Multi-core Programming Problems

As long as you compile a multi-threaded program, the operating system will automatically allocate you a cpu time slice.
Whether or not multi-core functions are related to the operating system and your program.

What is the difference between multi-core programming and single-core programming?

Exclusive resource lock. Due to limited resources and unlimited concurrent programs, there is a conflict. We are about to use "Lock" to solve the problem.
Single Process/thread, not required.
Multi-process/thread, required.

Contact Us

The content source of this page is from Internet, which doesn't represent Alibaba Cloud's opinion; products and services mentioned on that page don't have any relationship with Alibaba Cloud. If the content of the page makes you feel confusing, please write us an email, we will handle the problem within 5 days after receiving your email.

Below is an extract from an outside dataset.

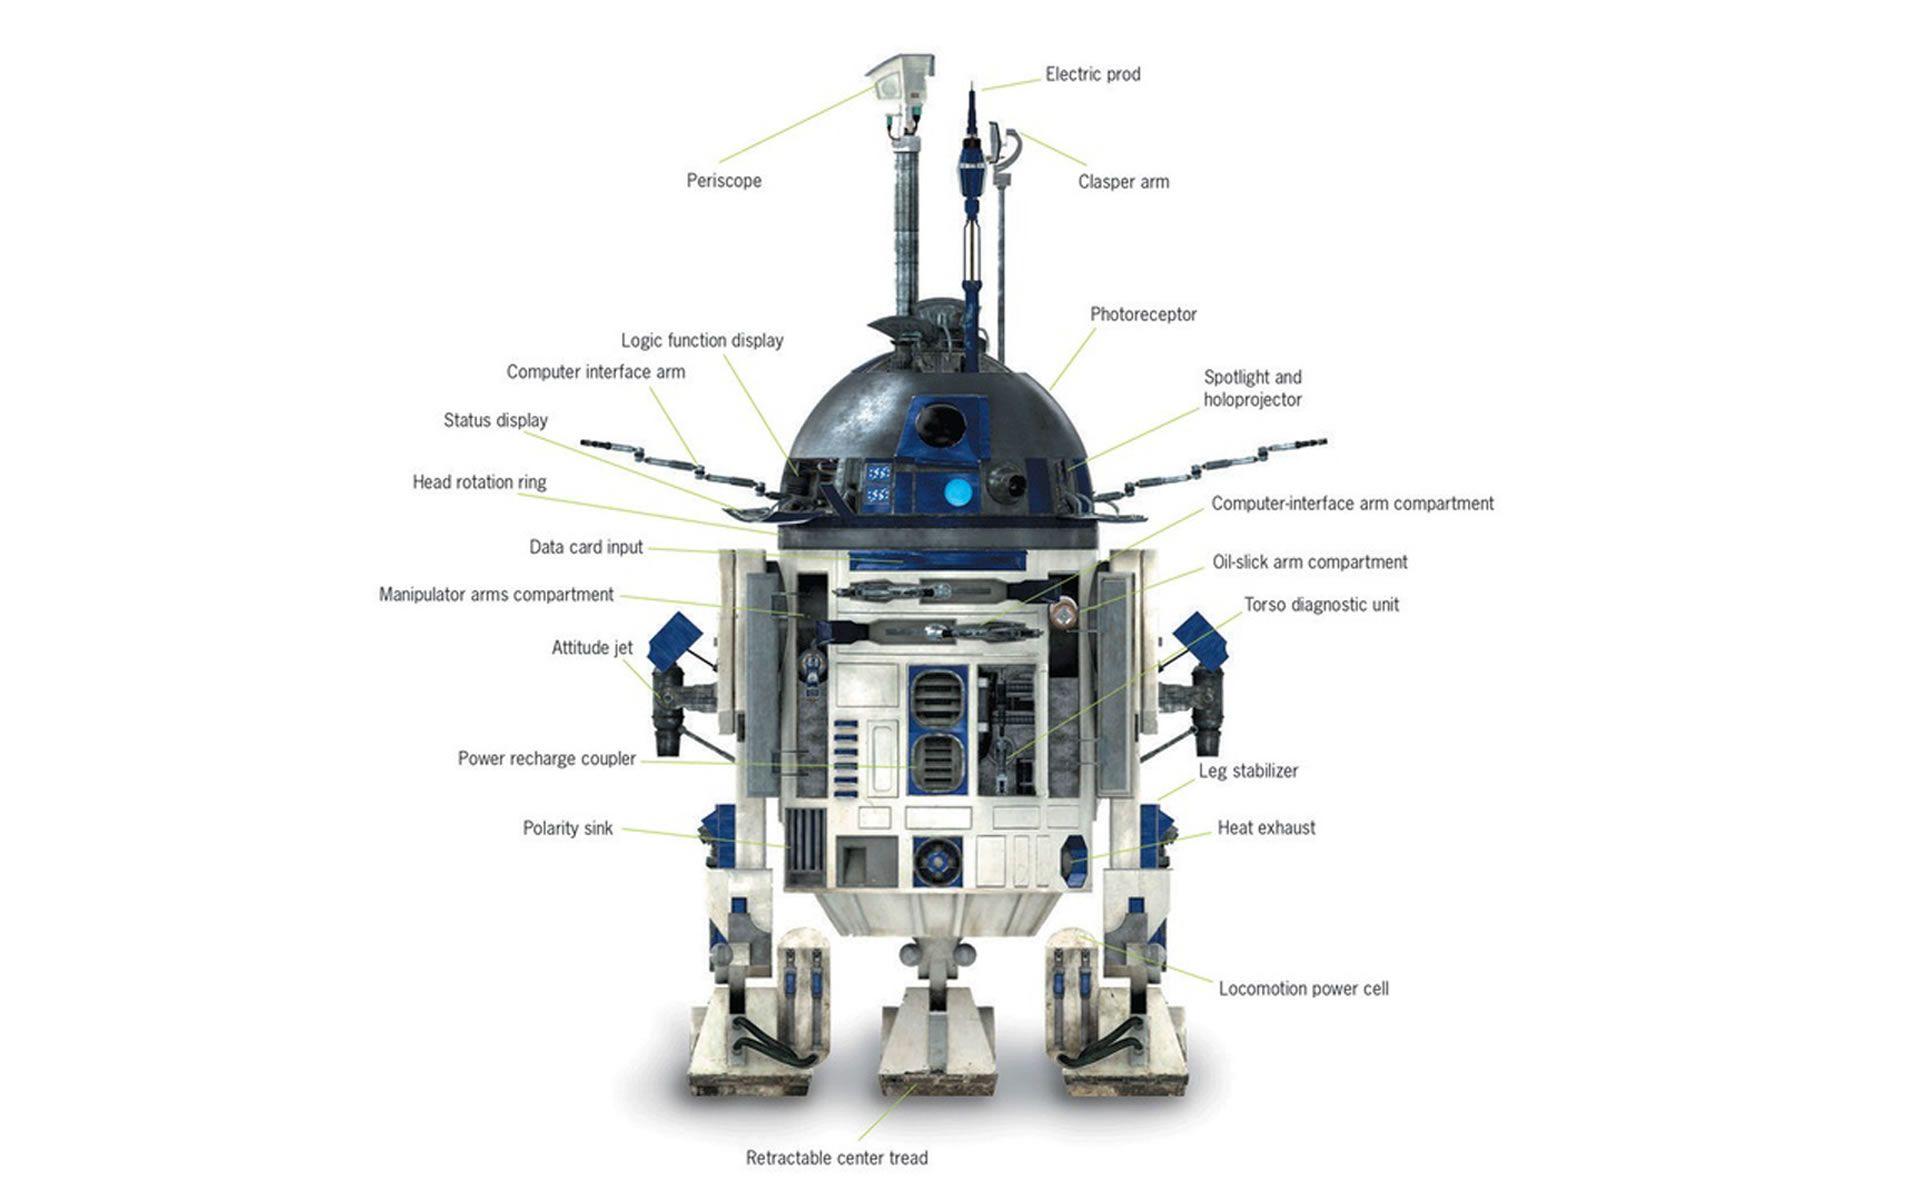 Related Picture Star Wars R2d2 iPhone HD Wallpaper Lowrider Car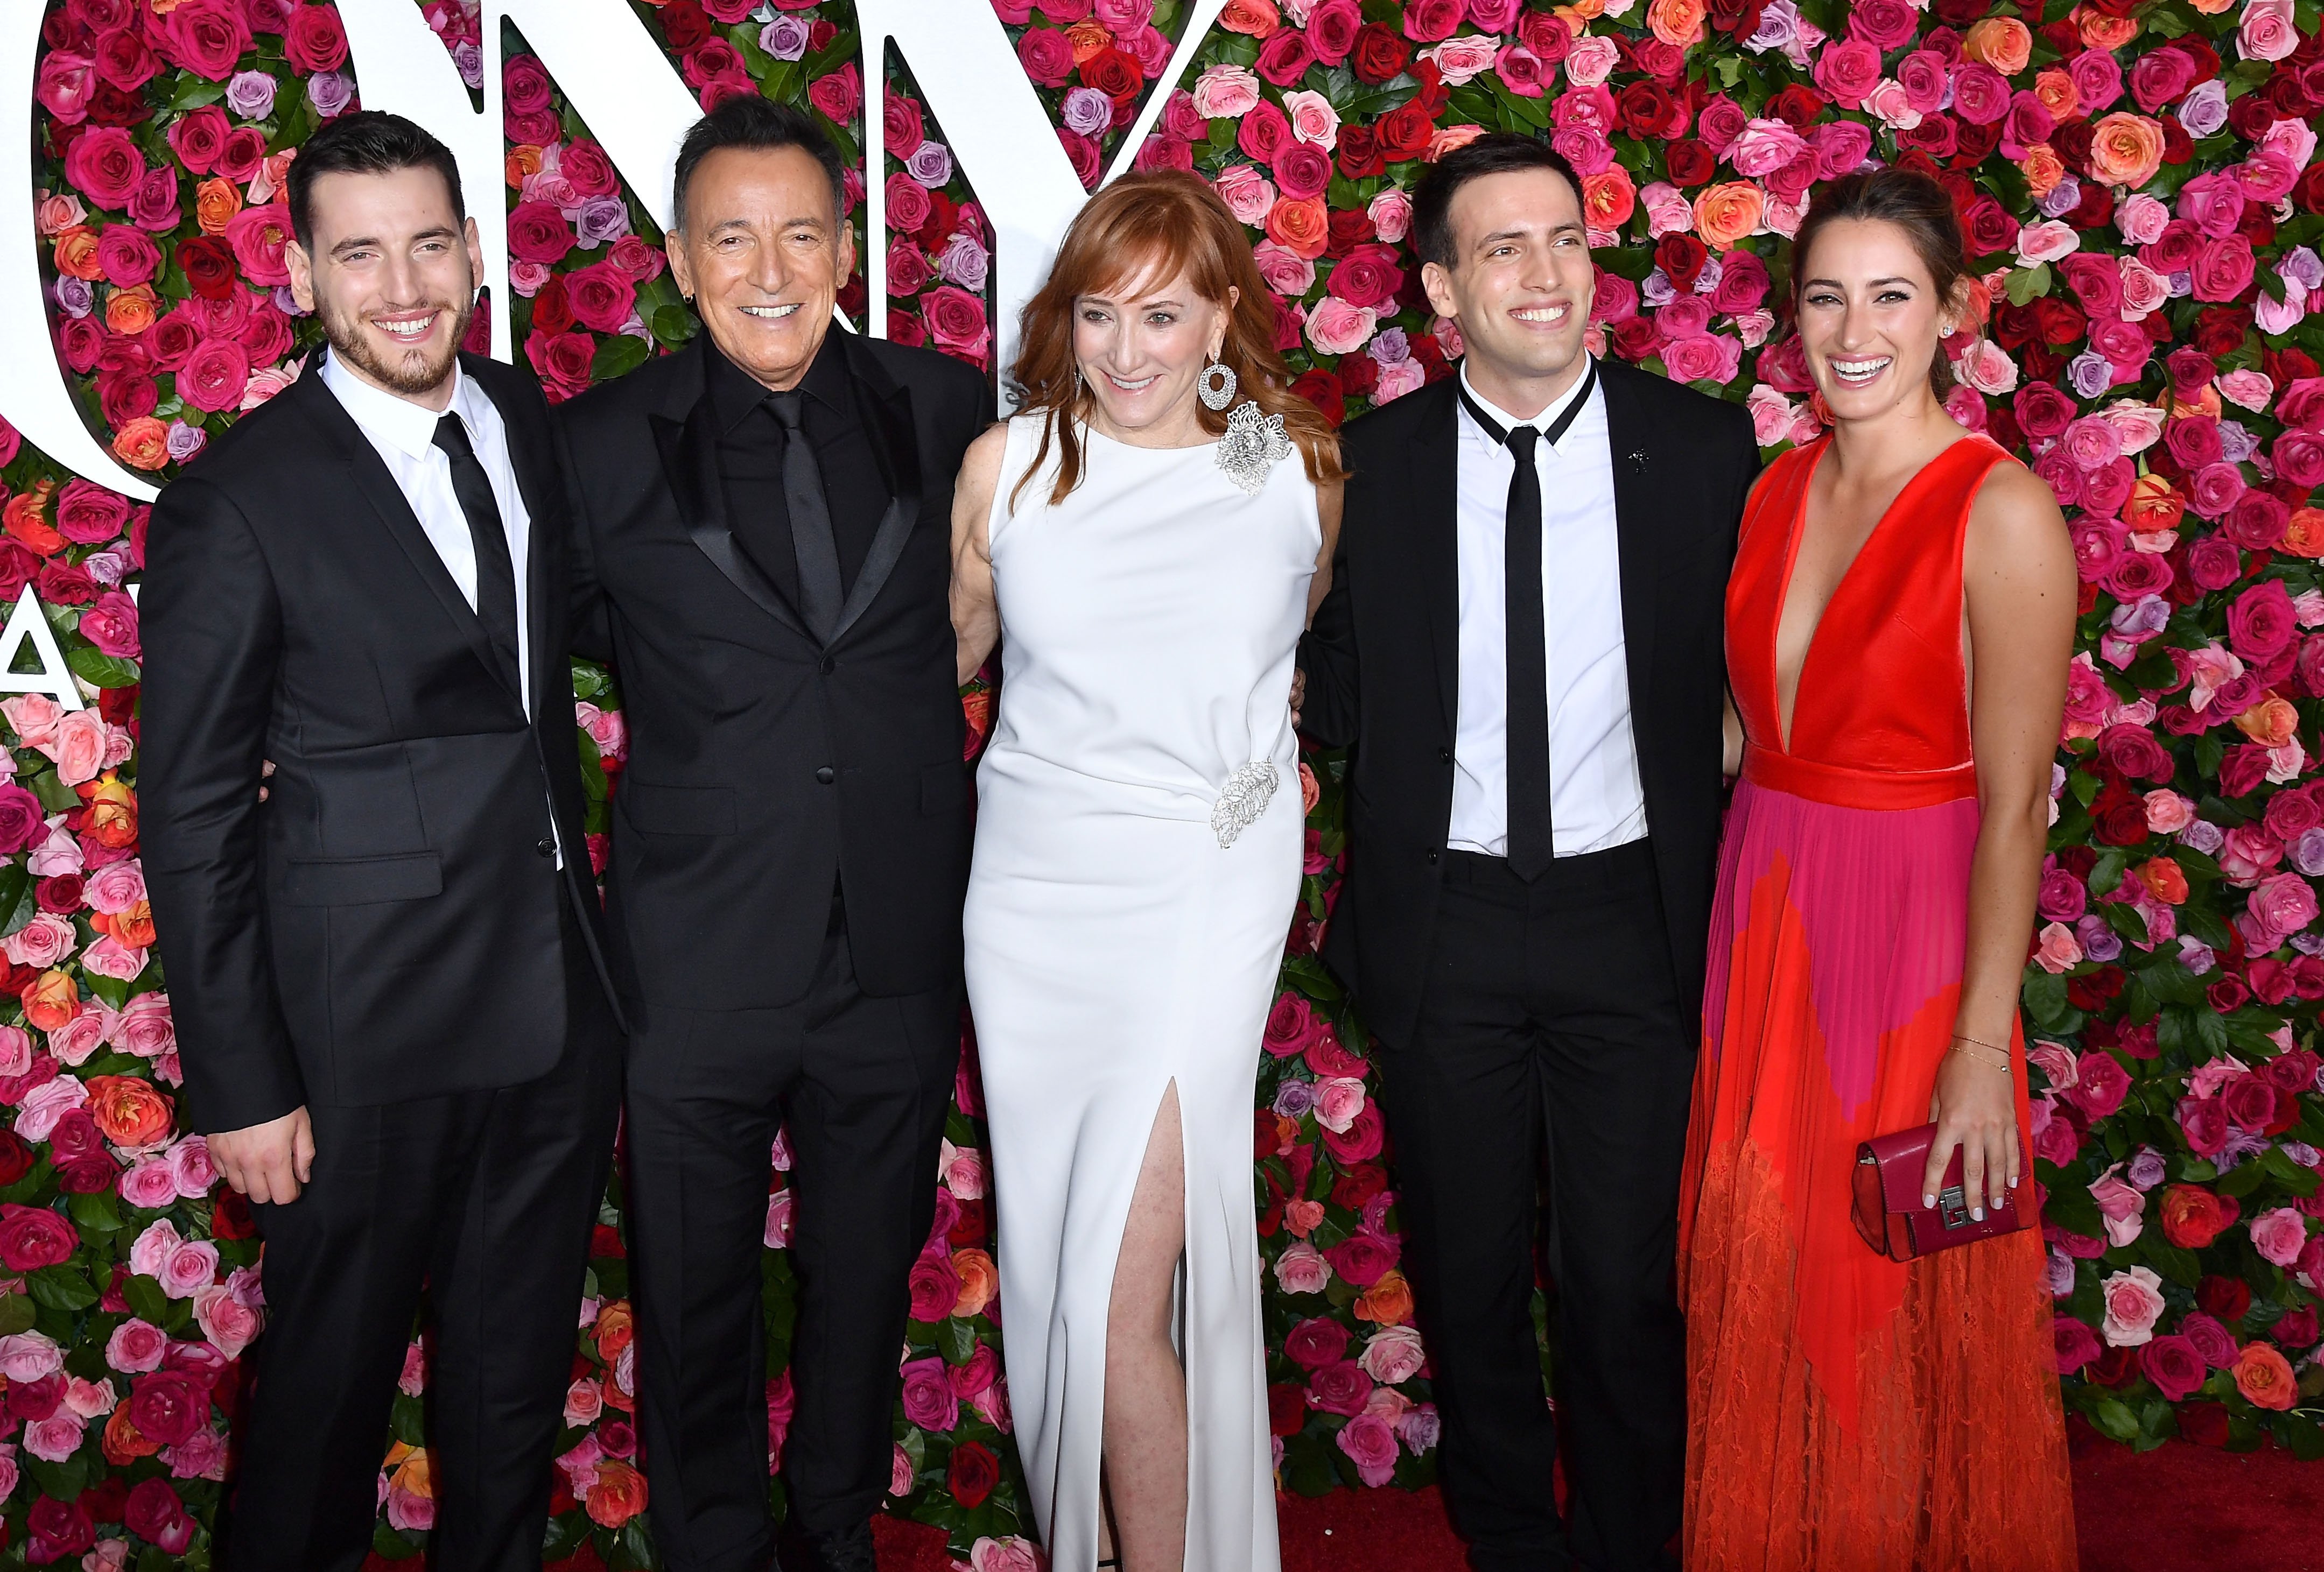 Evan Springsteen, US singer Bruce Springsteen, Patti Scialfa, Sam Springsteen and Jessica Springsteen attend the 2018 Tony Awards - Red Carpet at Radio City Music Hall in New York City on June 10, 2018. | Source: Getty Images

If you find any instances of plagiarism from the community, please send an email to: info-contact@alibabacloud.com and provide relevant evidence. A staff member will contact you within 5 working days.

A Free Trial That Lets You Build Big!

Start building with 50+ products and up to 12 months usage for Elastic Compute Service

  • Sales Support

    1 on 1 presale consultation

  • After-Sales Support

    24/7 Technical Support 6 Free Tickets per Quarter Faster Response

  • Alibaba Cloud offers highly flexible support services tailored to meet your exact needs.